What you will do | Every line below is to be copied exactly, with the pictures left out.

Data excerpt |
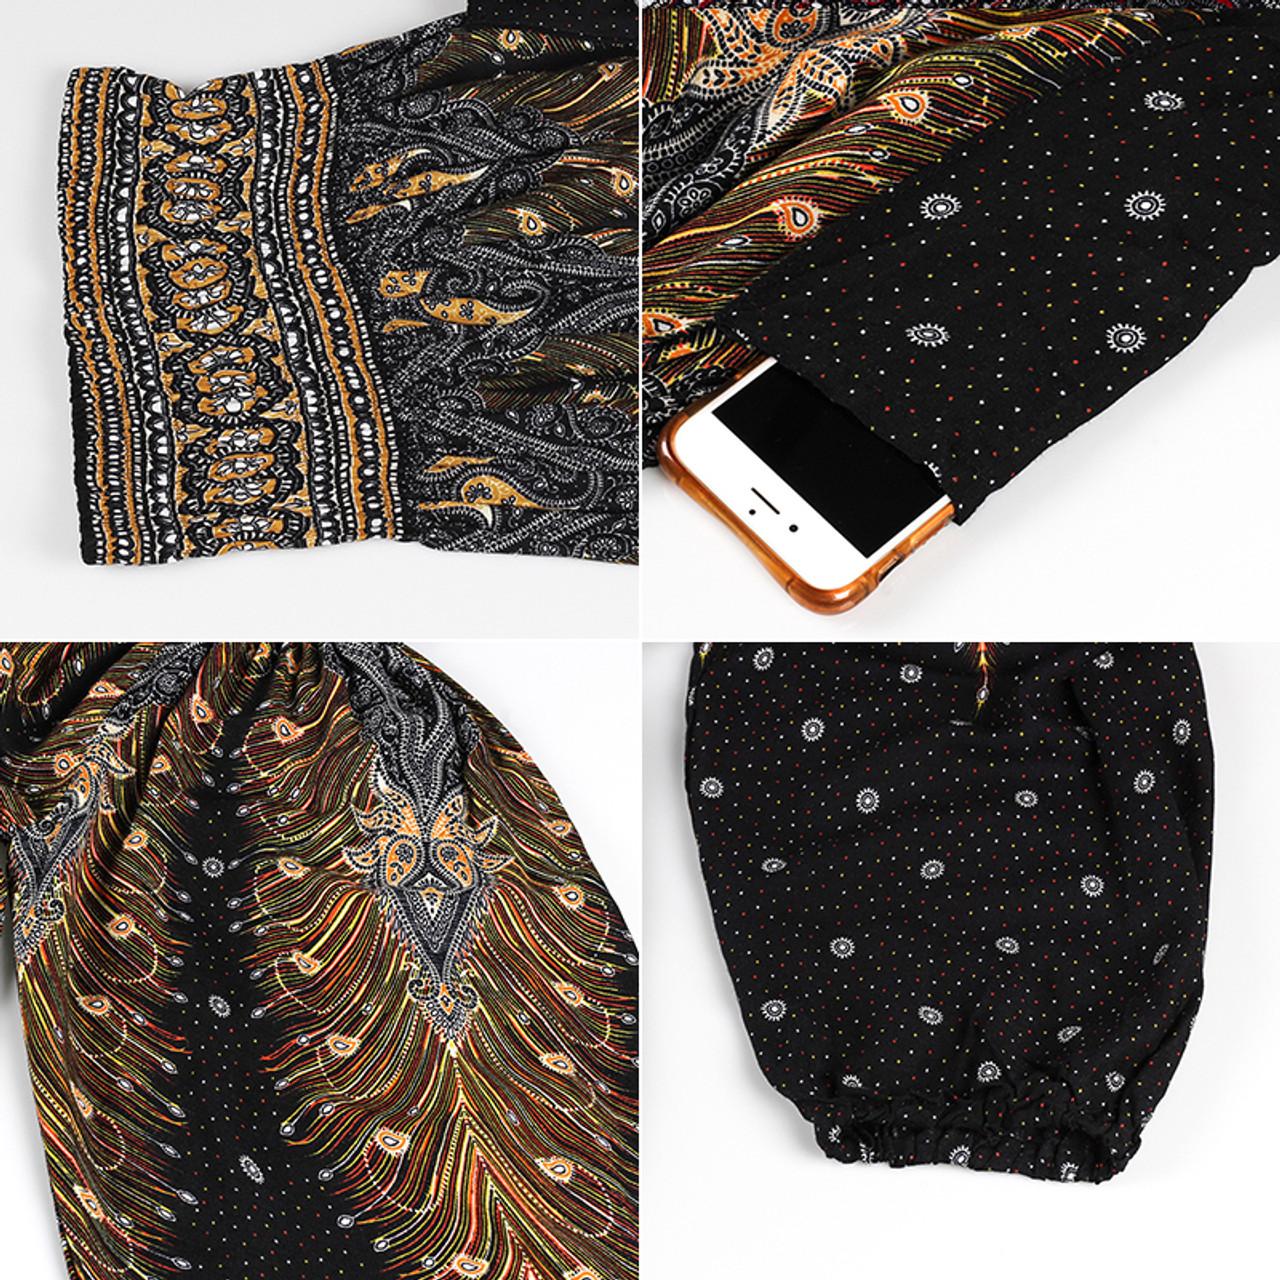 50b6795d4b2 ... CHLEISURE 10 Colors Summer Beach Bohemian Pants Women High Waist Harem  Pants Plus Size Loose Print ...
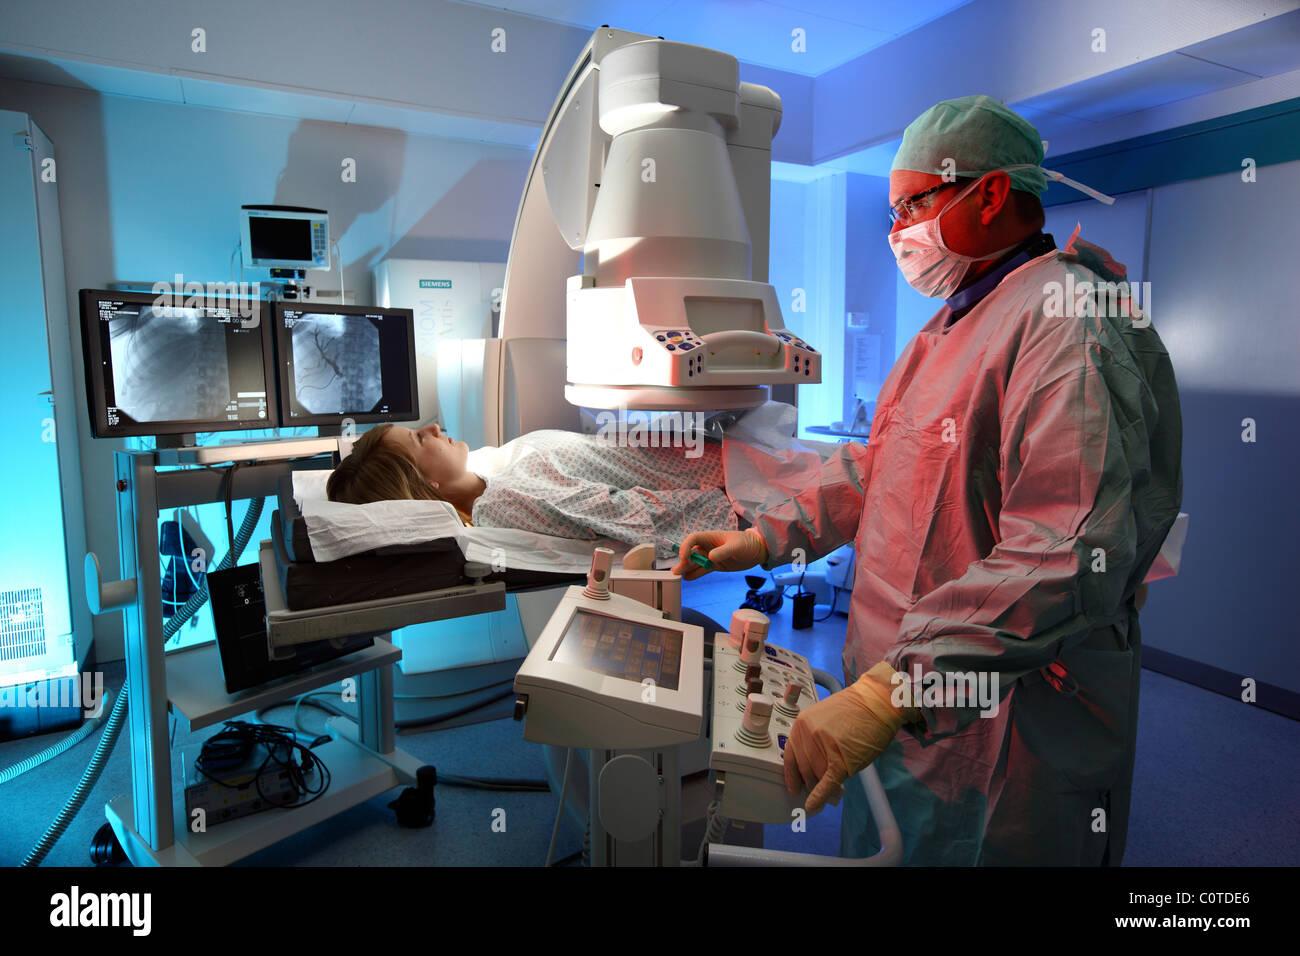 Hospital, diagnostic radiology. Angiography. - Stock Image
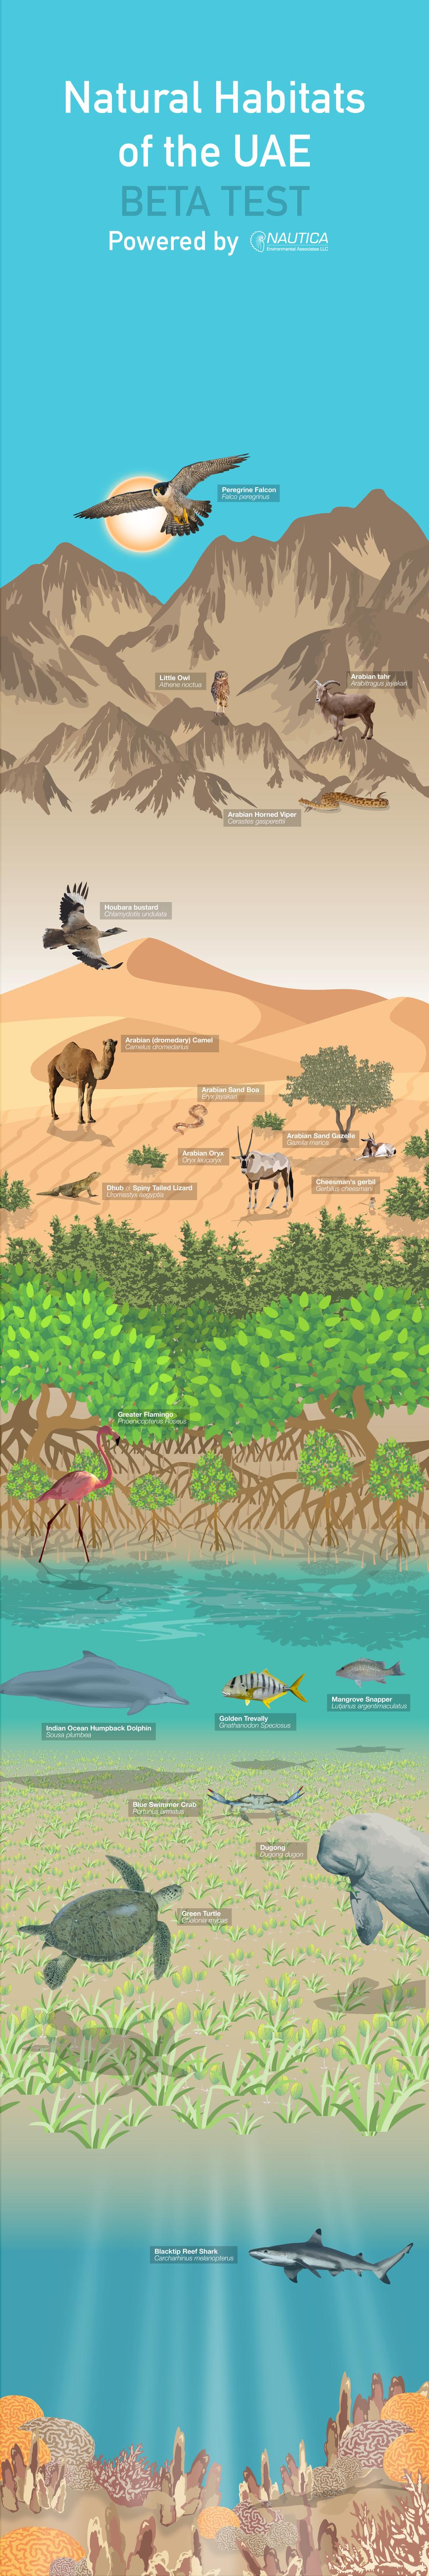 Natural Habitats of the UAE

Written response |
 50b6795d4b2 ... CHLEISURE 10 Colors Summer Beach Bohemian Pants Women High Waist Harem  Pants Plus Size Loose Print ...
 Hospital, diagnostic radiology. Angiography. - Stock Image
 Natural Habitats of the UAE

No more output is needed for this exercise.